The author of numerous works and articles on economic theory of international economies, Mundell prepared one of the first plans for a common currency in Europe and is known as the father of the theory of optimum currency areas. He was a pioneer in the development of the theory of the monetary and fiscal policy mix, the theory of inflation and interest and growth, and the monetary approach to the balance of payments, and is the co-founder of supply-side economics. He has also written extensively on the history of the international monetary system, and is the author of more than a hundred articles in scientific journals and books, including The International Monetary System: Conflict and Reform; Man and Economics and International Economics.

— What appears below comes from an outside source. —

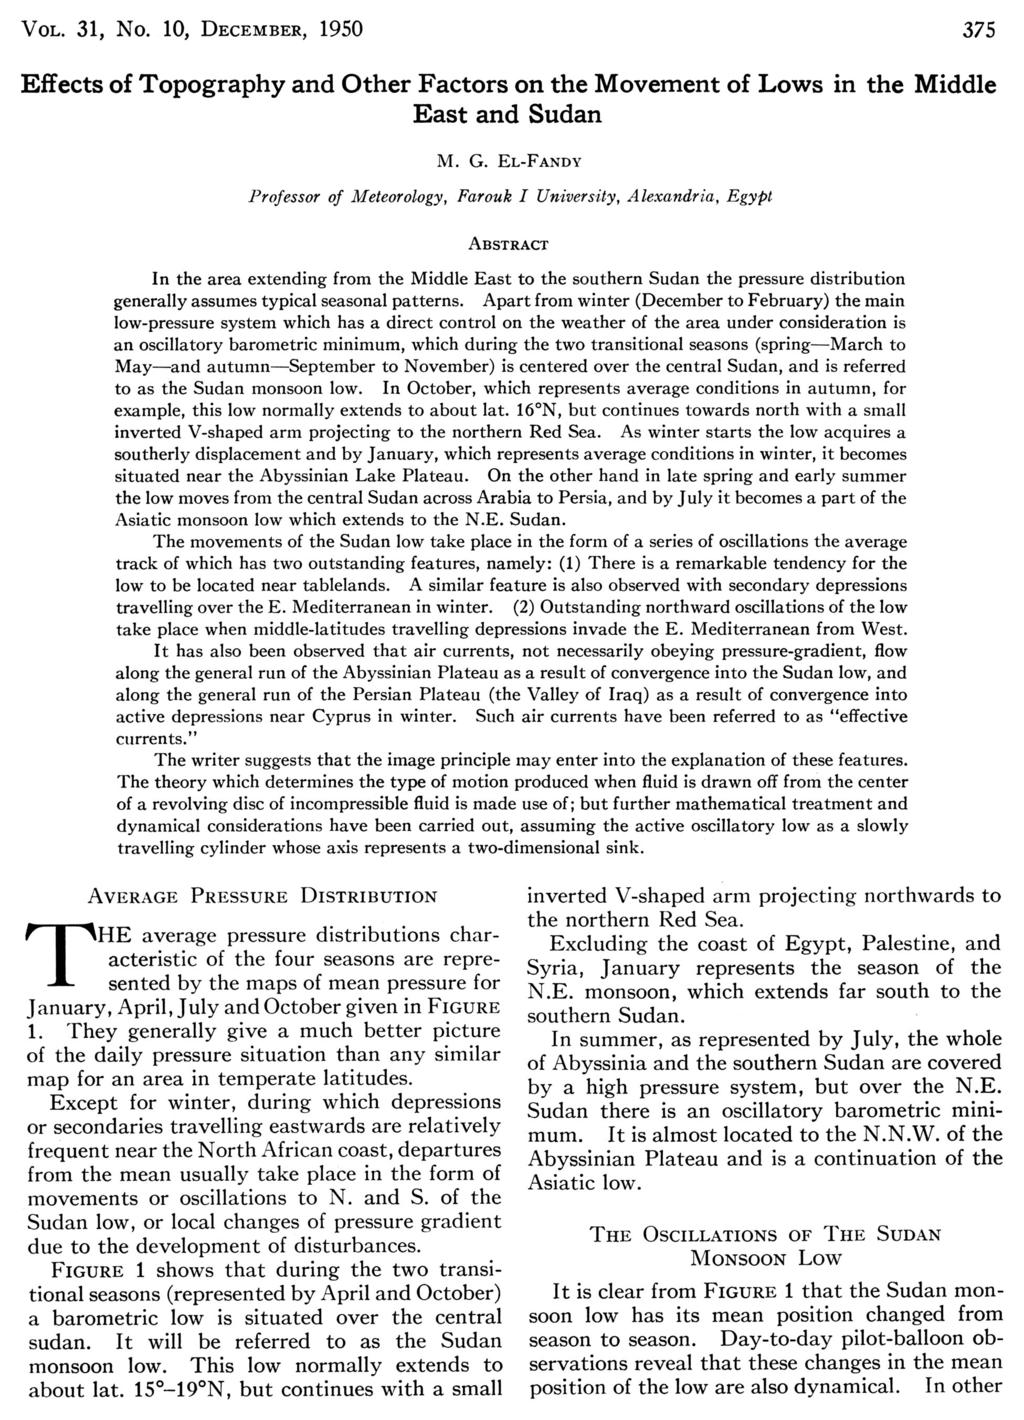 VOL. 31, No. 10, DECEMBER, 1950 375 Effects of Topography and Other Factors on the Movement of Lows in the Middle East and Sudan M. G.

Robert Mundell was born in Kingston, Ontario, Canada in 1932. He received his B.A. from the University of British Columbia in 1953. He studied at the London School of Economics and received his Ph.D. from M.I.T. in 1956. Mundell was the Post-Doctoral Fellow in Political Economy at the University of Chicago in 1956-57. He taught at Stanford University and the Johns Hopkins Bologna Center of Advanced International Studies before joining the staff of the International Monetary Fund in 1961. From 1966 to 1971 he was a Professor of Economics at the University of Chicago and Editor of the Journal of Political Economy; and from 1965 to 1975, he was (summer) Professor of International Economics at the Graduate Institute of International Studies in Geneva, Switzerland. Mundell is a Distinguished Fellow of the American Economic Association and among his numerous awards is The Jacques Reuff Prize given by the French Senate.

Mundell is the first C. Lowell Harriss Professor of Economics at Columbia University. The endowed chair was established earlier this year by Mark Kingdon '71C, founder and president of Kingdon Capital Management Corporation, in honor of the distinguished professor emeritus who served as Kingdon's teacher and mentor during his undergraduate years at Columbia.